With the exception of sunlight (fully incident on the top of the payload), can I model the rest of the "sky" at 0K?
On a side note, I've looked at putting reflective materials inside the payload, but I'm trying to prevent possible signal degradation with a GPS reciever inside.
Use this reference for plausible ambient temperatures at the altitude of interest.
GELMAN, MELVYN E., MILLER, ALVIN J., WOOLF, HAROLD M. Regression Technique for Determining Temperature Profiles in the Upper Stratosphere From Satellite-Measured Radiances Monthly Weather Review 1972 100: 542-547
Use 1400 watts /m^2 for insolation. Use a ground temperature under the region of interest for radiation balance - say 10 to 40 degC
Ok, so if I use a range for the albedo of earth, I should get a range of values. Anyone care to double-check my heat flux equations? (please?) :) They are for the top, sides, and bottom surfaces of the payload.
Where ε is the emissivity of the polystyrene (≈0.9, and approximated to be the same as absorbtivity), a is the albedo of the earth, and σ is the S-B constant. The sun is assumed to be directly overhead, and the bottom of the payload is assumed to be perfectly parallel to the surface of the earth. The 1/2 in the Qsides equation is the shape factor between the earth and the sides.

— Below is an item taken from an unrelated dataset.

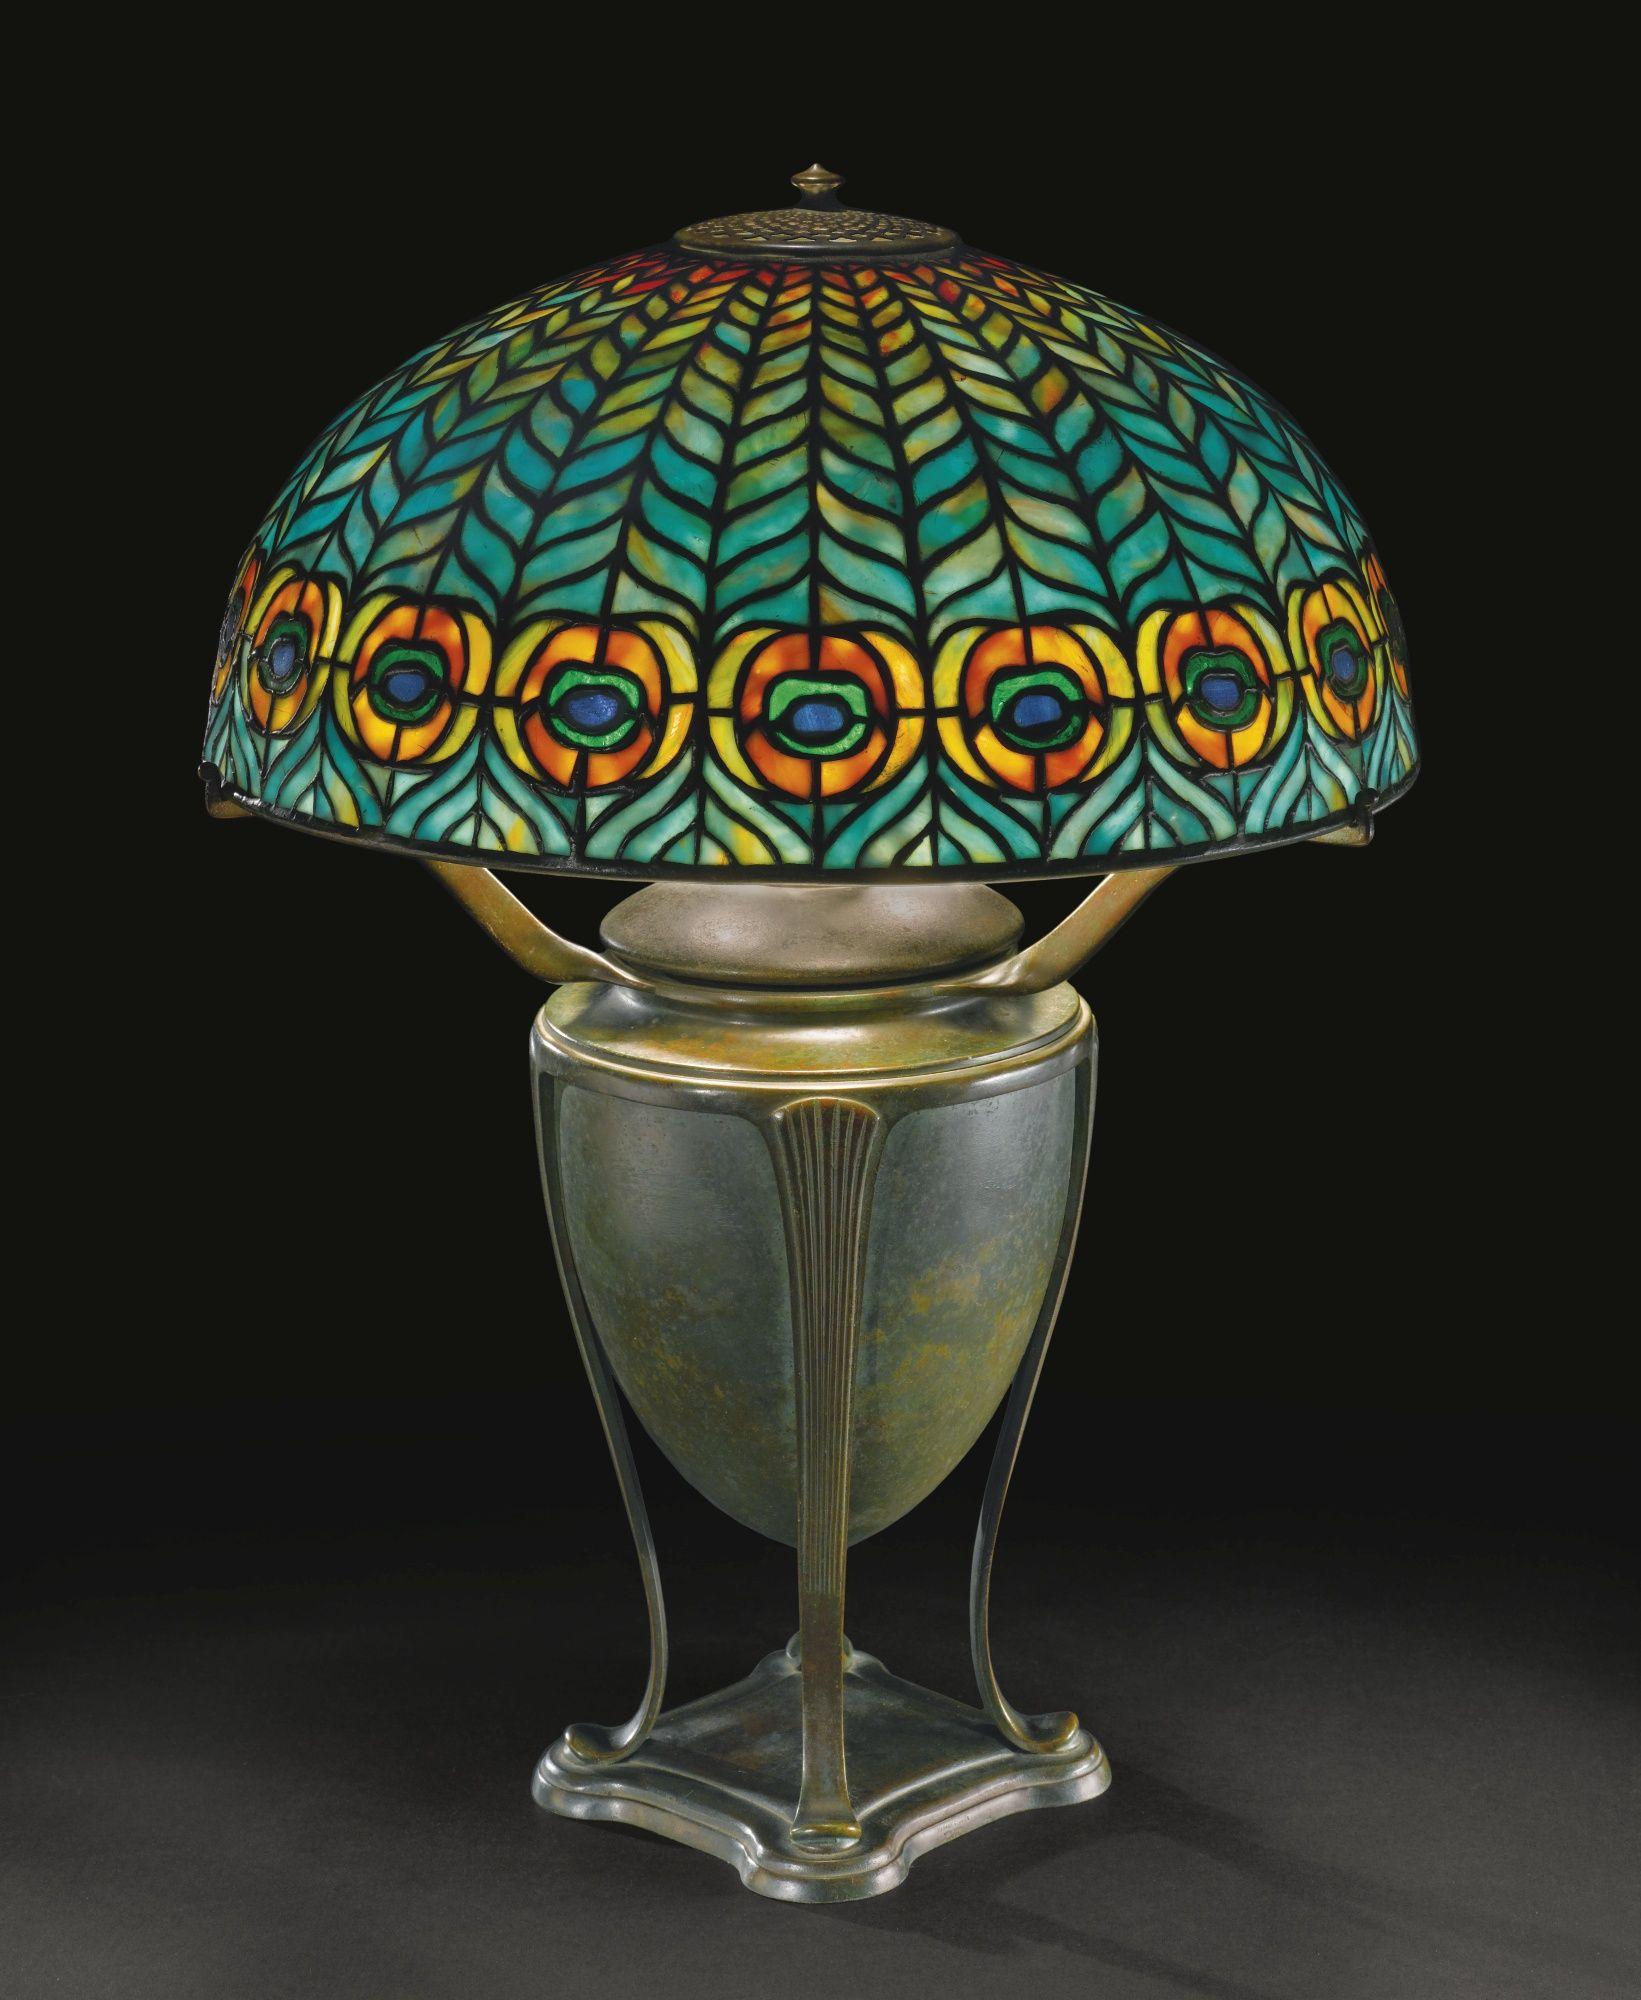 "TIFFANY STUDIOS ""PEACOCK"" TABLE LAMP, circa 1904"

Ok, so some of those symbols in my last post weren't too HTML friendly apparently. Lemme try again:
Qtop = e * Qsun ? e * o * Ttop^4
Qsides = 1/2 * e * a * Qsun ? e * o * Tsides^4
Qbottom = e * a * Qsun ? e * o * Tbottom^4
Where e is the emissivity of the polystyrene (about 0.9, and approximated to be the same as absorbtivity), a is the albedo of the earth, and o is the S-B constant. The sun is assumed to be directly overhead, and the bottom of the payload is assumed to be perfectly parallel to the surface of the earth. The 1/2 in the Qsides equation is the shape factor between the earth and the sides.
You are assuming space is at 0K... your choice. I'd pick 2.7K, for 5th decimal place accuracy. ;>)
The sides are transmitting approximately half to 0K and half to Earth average. This (Earth term) is missing.
The contribution of the sun to the bottom is 0, and I see no contribution of the Earth
I'd have to crack my heat transfer book again, but I seem to recall absorptivity + reflectivity + emissivity = 1 as a simple energy balance. If absorptivity = emissivity = 0.9, that leaves reflectivity as negative... This error could easily be just my memory.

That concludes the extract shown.